# (H) Old school tanks, Land raider, rhino (W) Orks Eldar



## dressd2kill (Apr 27, 2011)

I am looking to build my forces a bit, I am also looking to gather funds to purchase a Ipad for my wife for our anniversary.

I have 
Rogue Trader Era tanks, all are expertly models custom built tanks with authentic weaponry.

I have Land Raiders and Land Raider Spartans in the Crusader configuration.
I also have Rhinos, and some very cool RT era razorback tanks.
Also I have a very cool hand crafted Alternative drop pod.

I need
Orks for my growing Waaaggghhhhh
Grey Knights
And paypal

Message me with any questions and to see pics.


----------



## Rhino 88 (Jan 1, 2012)

*hey*



dressd2kill said:


> I am looking to build my forces a bit, I am also looking to gather funds to purchase a Ipad for my wife for our anniversary.
> 
> I have
> Rogue Trader Era tanks, all are expertly models custom built tanks with authentic weaponry.
> ...


Hello dress,

what prices are you looking for on the LR and Rhino/razorbacks please.?
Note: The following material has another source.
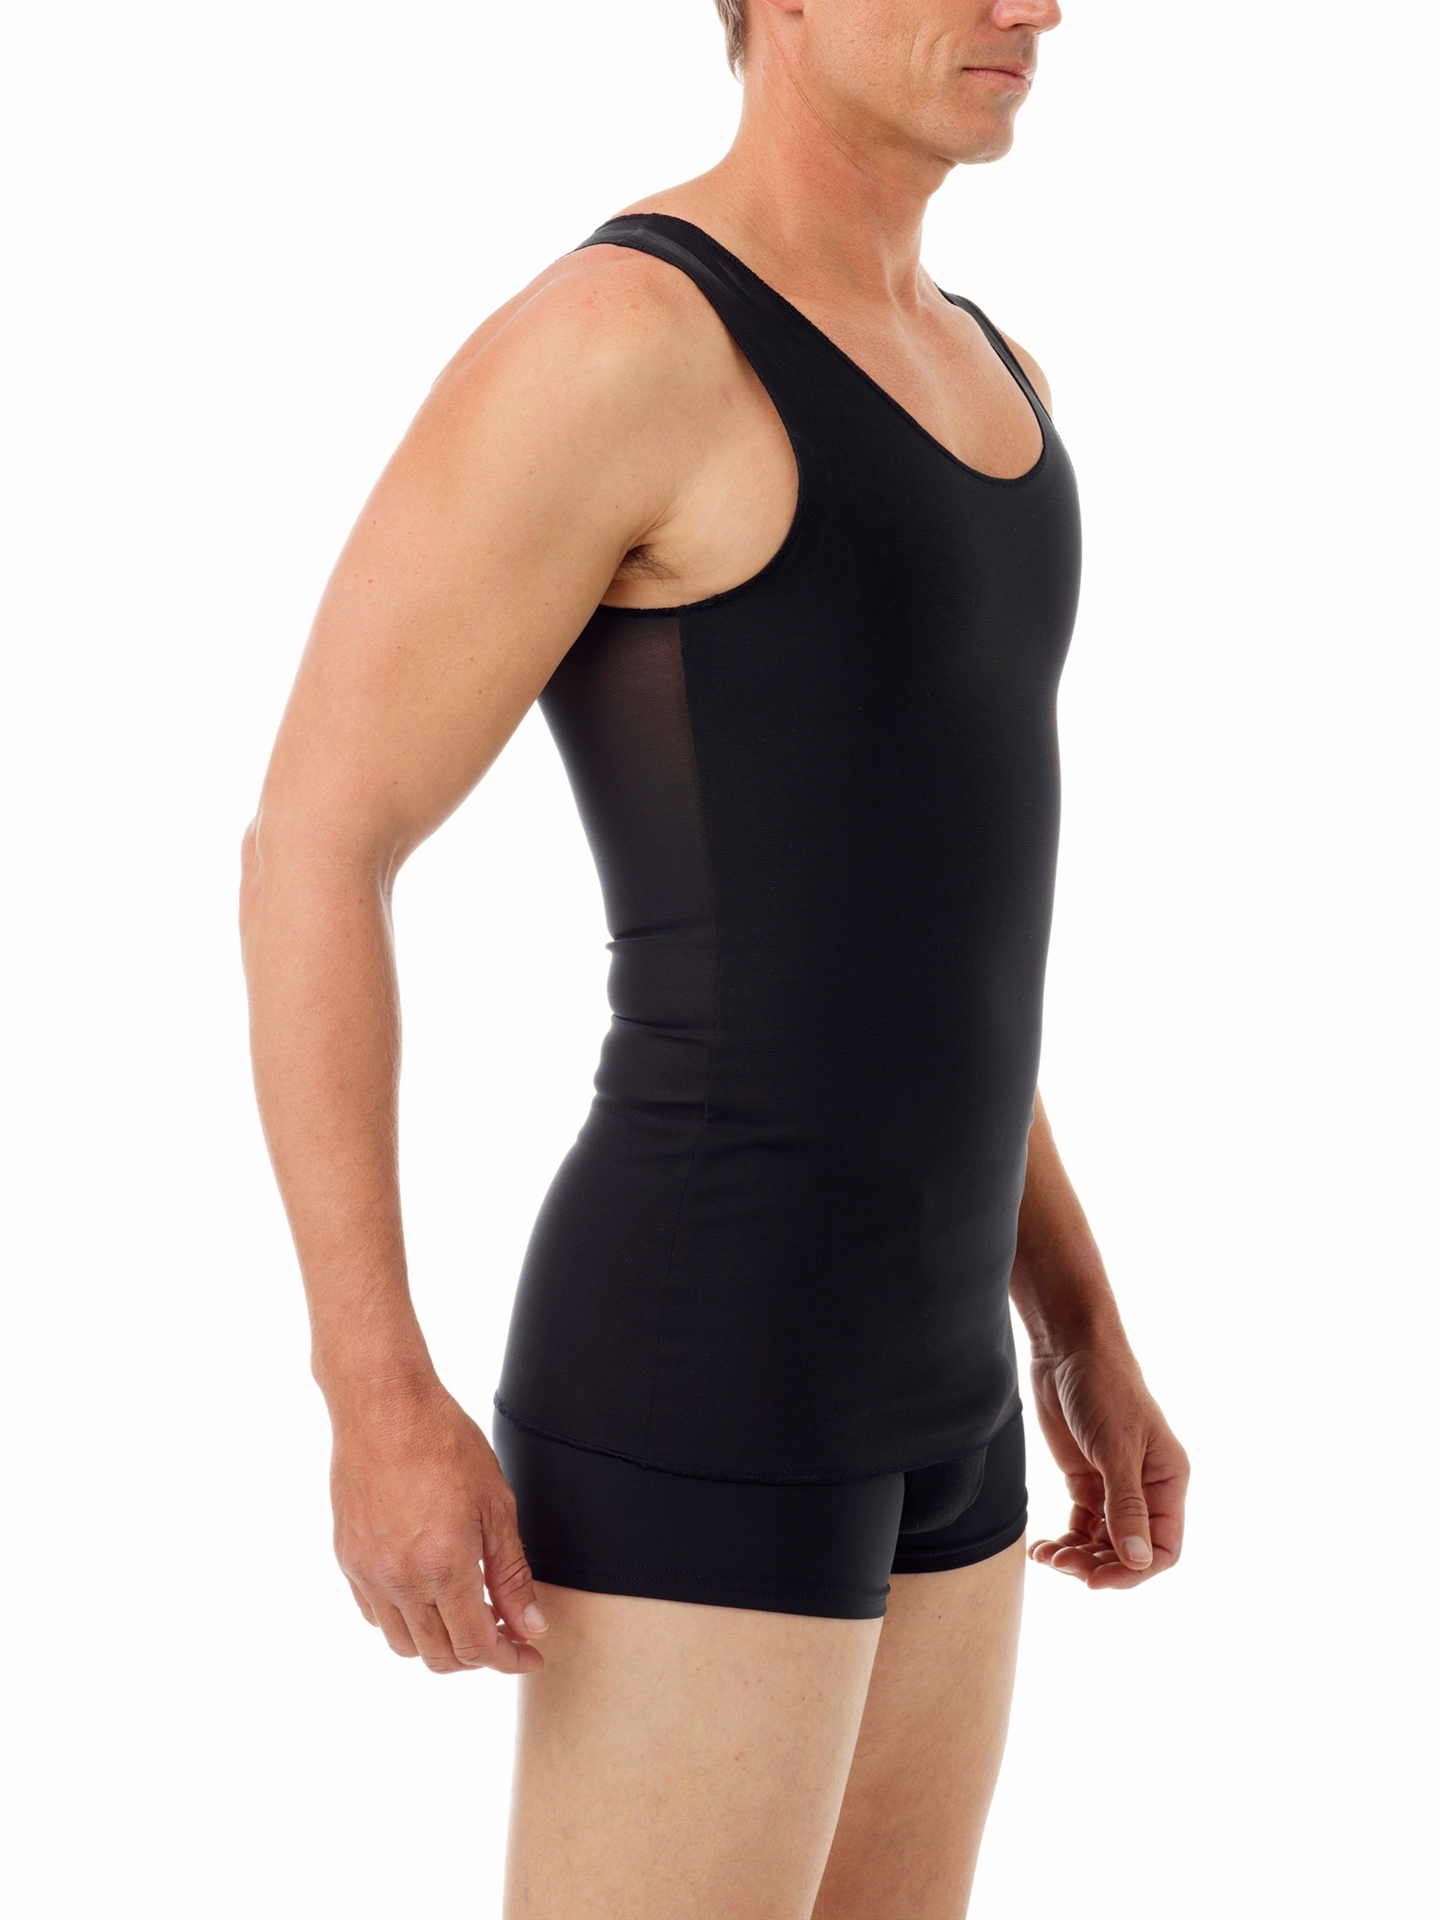 Womens Firm Compression Racerback Crop Top Chest Binder and Minimizer. FTM  Chest Binders for Trans Men by Underworks
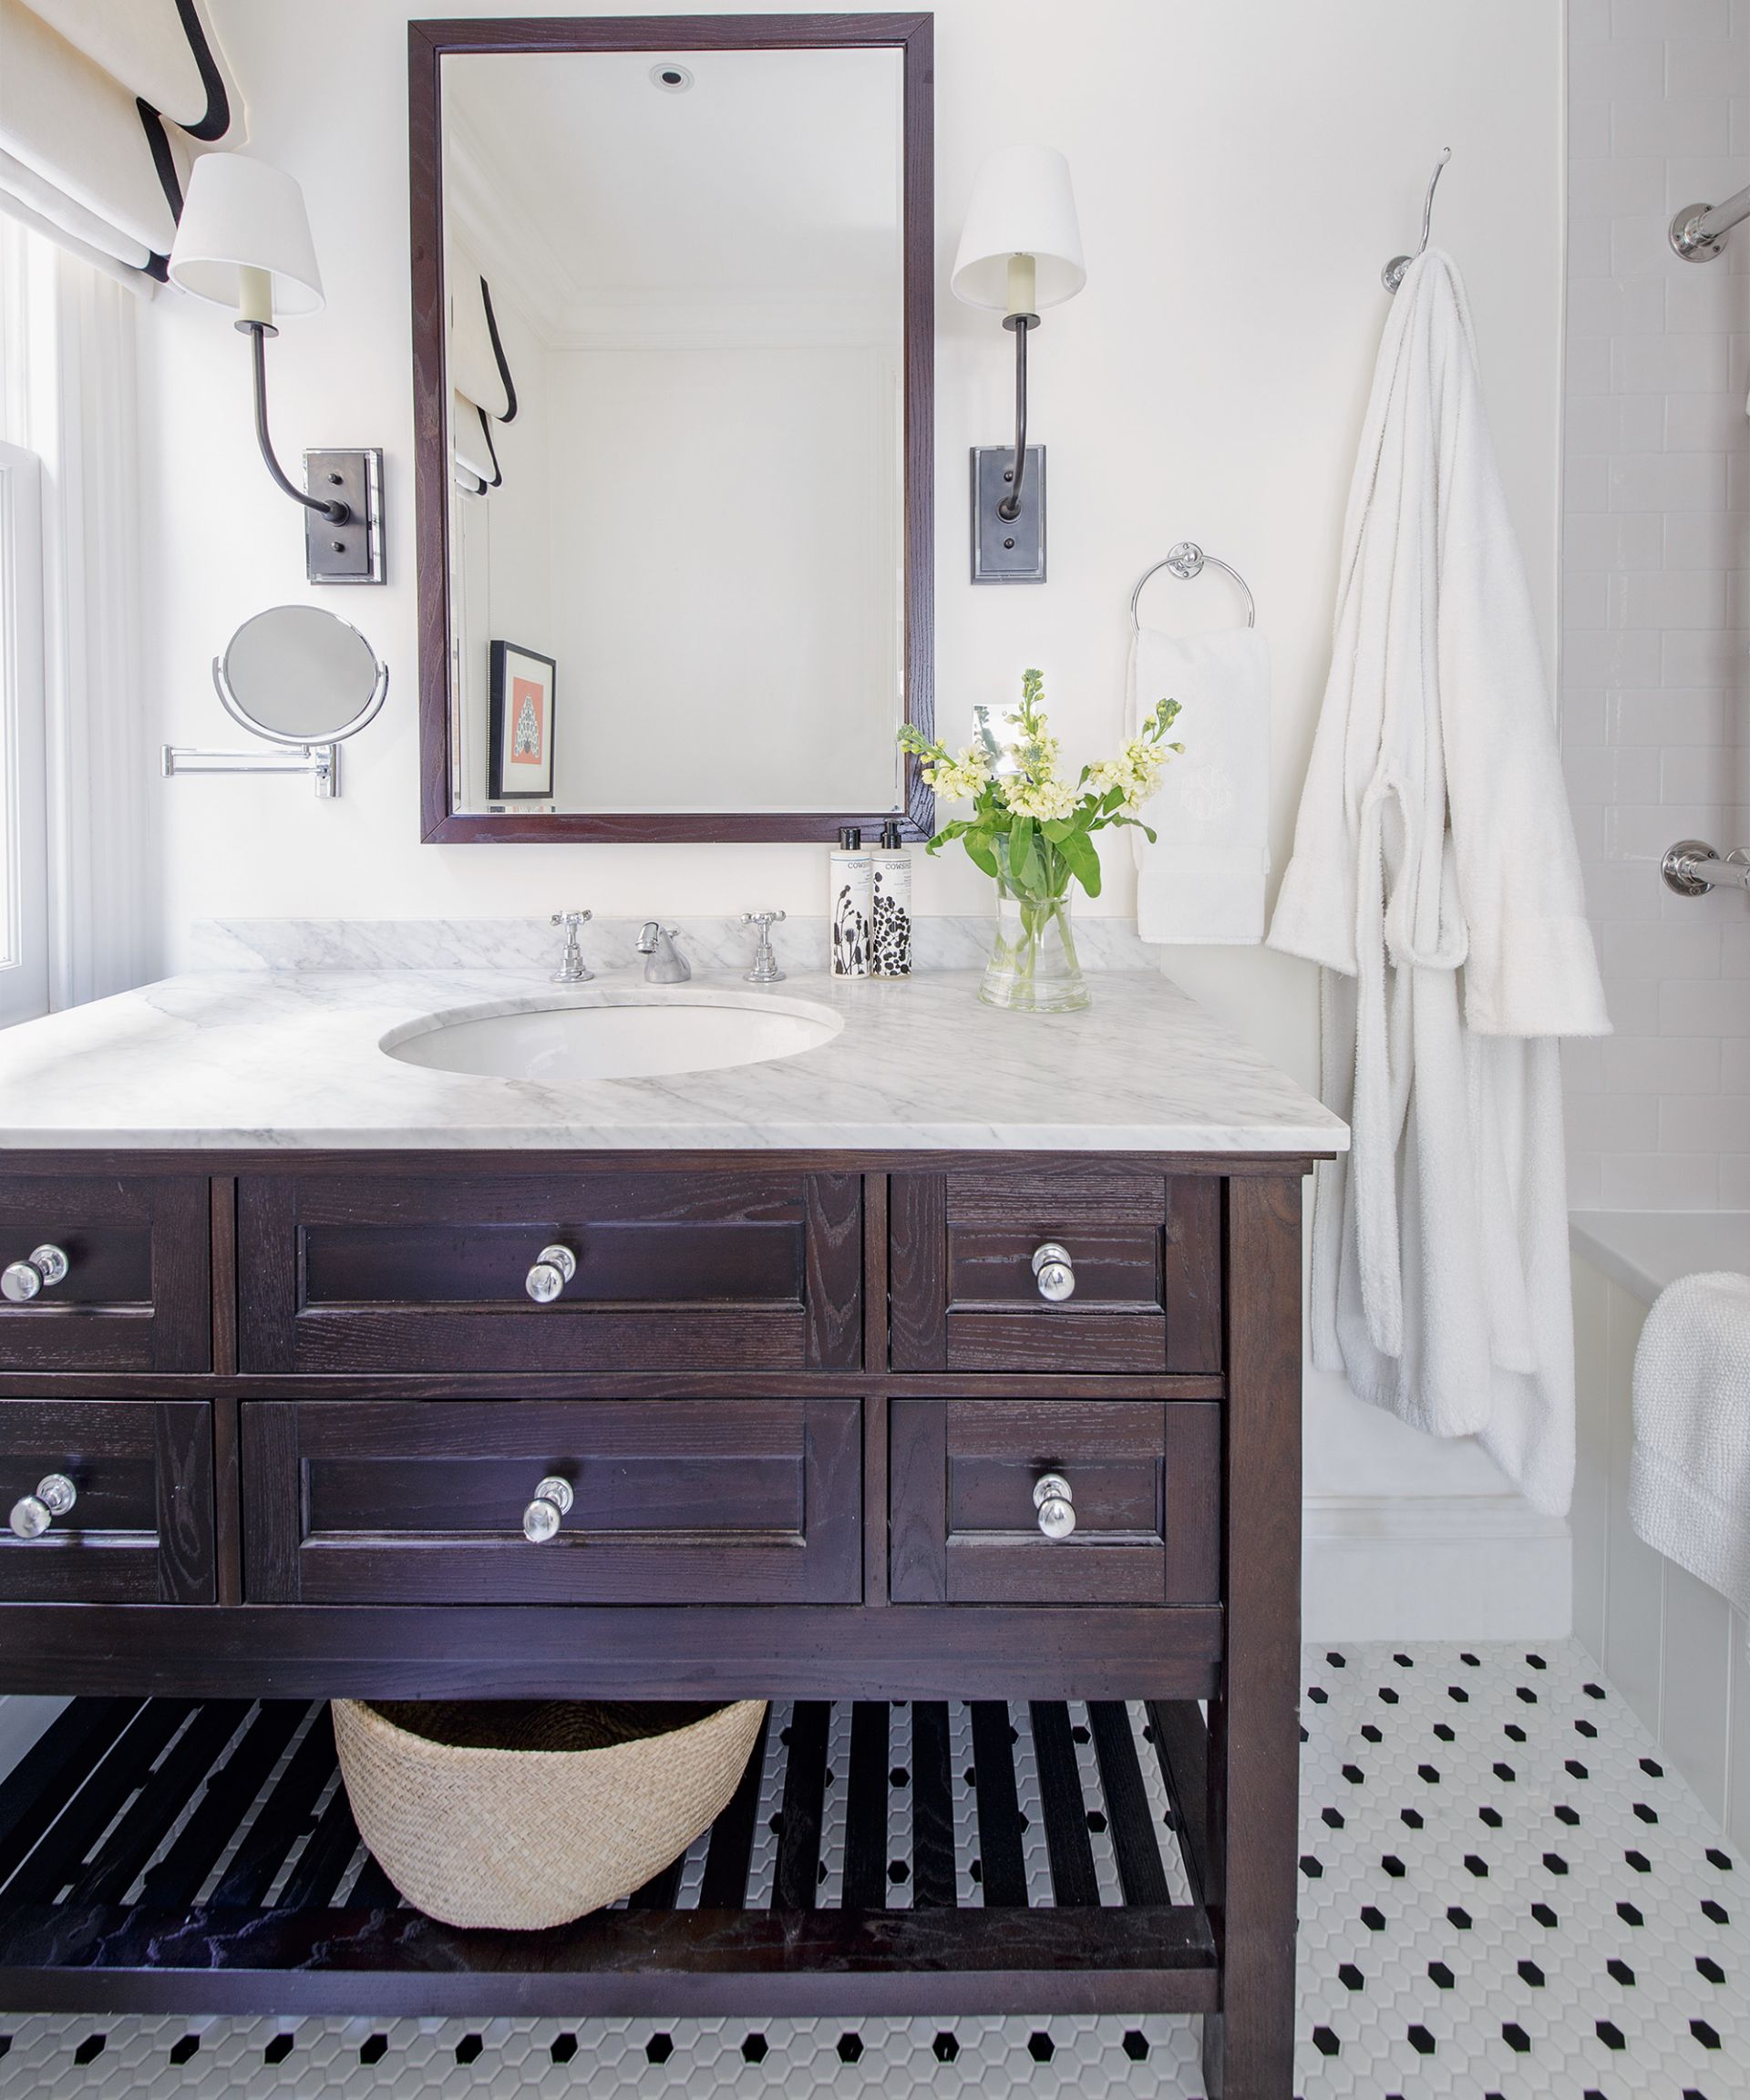 <p>                     Don’t shy away from making a big statement in a small bathroom. Striking furniture will make an impact and hard-working pieces that conceal storage or double up on function will maximize your home’s efficiency.                    </p>                                      <p>                     Natalia Miyar, design director at Helen Green, suggests a bold approach.                    </p>                                      <p>                     ‘Proportion is so important. I like to use large-scale furniture as it makes a space seem bigger and more luxurious,’ she says. ‘The key is to choose carefully. Buy a few large, impactful pieces rather than cluttering a space with a lot of small items.’                    </p>                                      <p>                     Bespoke or standalone shelving is a simple way of creating storage, as well as acting as a room divider. Open bathroom shelves can also inject a sense of spaciousness in compact spaces.                    </p>

Could you upload a pic or two.?

and im curious about the drop pod hehe.?

Many thanks

Rhino


----------



## dressd2kill (Apr 27, 2011)

here is a link to my Photobucket page the Alt drop pod starts at image 4 and I can do them with either missile launchers or storm bolters, I can also customize these items to fit just about any army.

http://s1193.photobucket.com/albums/aa348/Erik_Struble/40k tanks/


----------